Шрифт:
Интервал:
Закладка:
Затем оба негодяя начали перешептываться, обсуждая, насколько я мог расслышать, как лучше всего обойти моих дозорных.
— Пойду погляжу, нет ли кого-нибудь за амбаром, — сказал наконец маршал. — А ты, мой добрый Шенье, оставайся здесь, и, если пленный вдруг окажет неповиновение, ты знаешь, как тебе поступить.
И мы остались вдвоем — этот подлый предатель и я. Он сидел в ногах моей кровати и точил нож о подошву сапога при свете единственной чадящей керосиновой лампы. А я — теперь, оглядываясь назад, я могу только удивляться, как я не сошел с ума от досады и угрызений совести, когда лежал беспомощный на кровати, не имея возможности крикнуть или хоть пальцем шевельнуть, зная, что мои пятьдесят храбрецов тут, рядом, но у меня нет способа дать им знать, в какое отчаянное положение я попал. Для меня не впервой было оказаться в плену; но чтобы меня схватили эти изменники и отвели в аббатство под градом насмешек, одураченного и обманутого их наглыми главарями, — этого я не мог перенести.
Нож мясника, сидевшего рядом со мной, причинил бы мне меньше страданий. Я незаметно напряг руки, потом ноги, но тот из этих двоих негодяев, который связал меня, был мастером своего дела. Я не мог пошевельнуться. Тогда я сделал попытку освободиться от носового платка, которым мне заткнули рот, но разбойник, сидевший подле меня, занес нож с таким угрожающим ворчанием, что мне пришлось оставить свои попытки. Я лежал неподвижно, глядя на его бычью шею, и думал, посчастливится-ли мне когда-нибудь подобрать для нее галстук, как вдруг услышал в коридоре, а потом на лестнице шаги: главарь возвращался. Какие известия принес этот негодяй? Если он убедился, что похитить меня тайком невозможно, то, вероятно, прирежет на месте. Мне было все равно, что со мной станется, и я посмотрел на дверь с презрением и вызовом, которые так жаждал выразить словами. Но вы поймете мои чувства, дорогие друзья, когда вместо высокой фигуры и смуглого, насмешливого лица капуцина я увидел серый ментик и длинные усы моего доброго Папилета!
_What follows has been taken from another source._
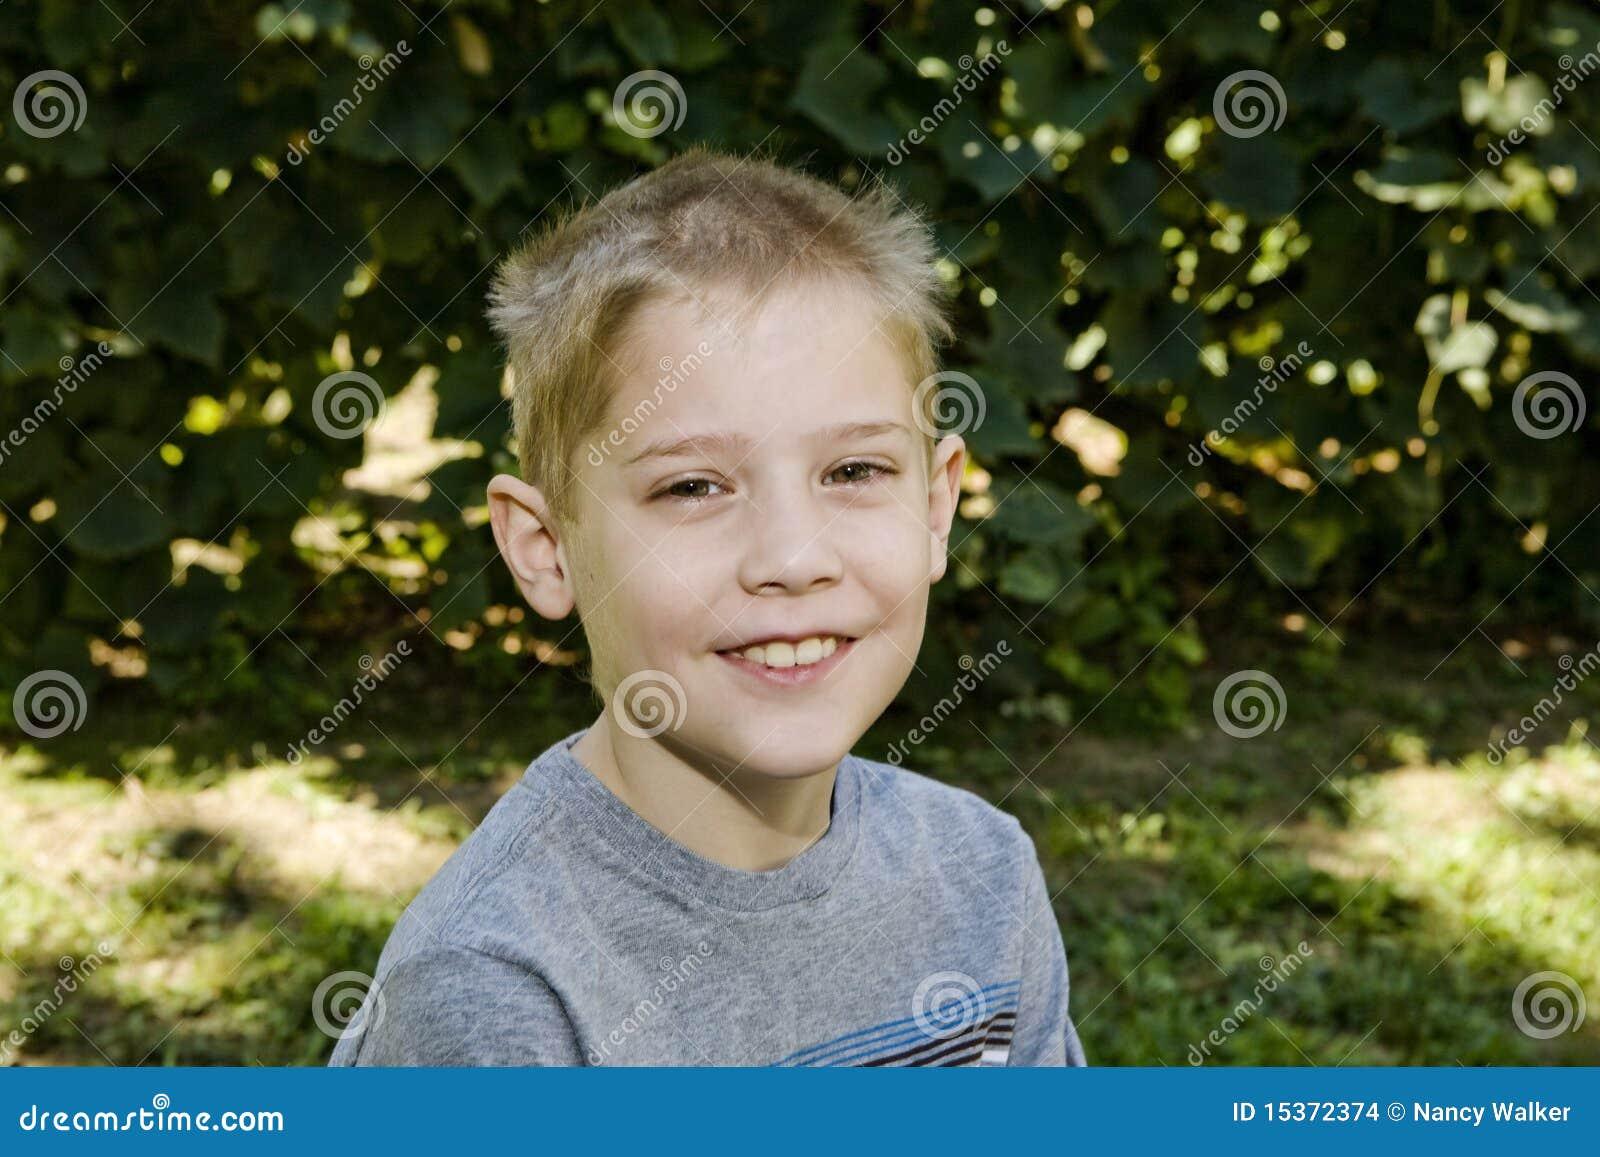 Child s portrait

Французский солдат в те времена слишком много повидал, чтобы удивляться. Одного взгляда на меня, связанного по рукам и ногам, и на зловещее лицо рядом со мной было для него довольно, чтобы понять, в чем дело.
— Ах ты, дьявол! — зарычал он, и в воздухе сверкнула выхваченная из ножен сабля.
Шенье бросился на него с ножом, но, поняв, чем тут пахнет, сразу же метнулся назад и всадил нож мне в сердце. Но я скатился на другую сторону кровати, прочь от него, и нож только царапнул мне бок, вспоров одеяло и простыню. А через мгновение я услышал стук упавшего тела, и почти в тот же миг что-то ударилось об пол — нечто более легкое, но твердое — и закатилось под кровать. Не стану рассказывать вам все ужасные подробности, друзья мои. Достаточно сказать, что Папилет был одним из лучших рубак в полку и сабля у него была тяжелая и острая. Она оставила красные следы у меня на запястьях и лодыжках, когда от перерезал мои путы.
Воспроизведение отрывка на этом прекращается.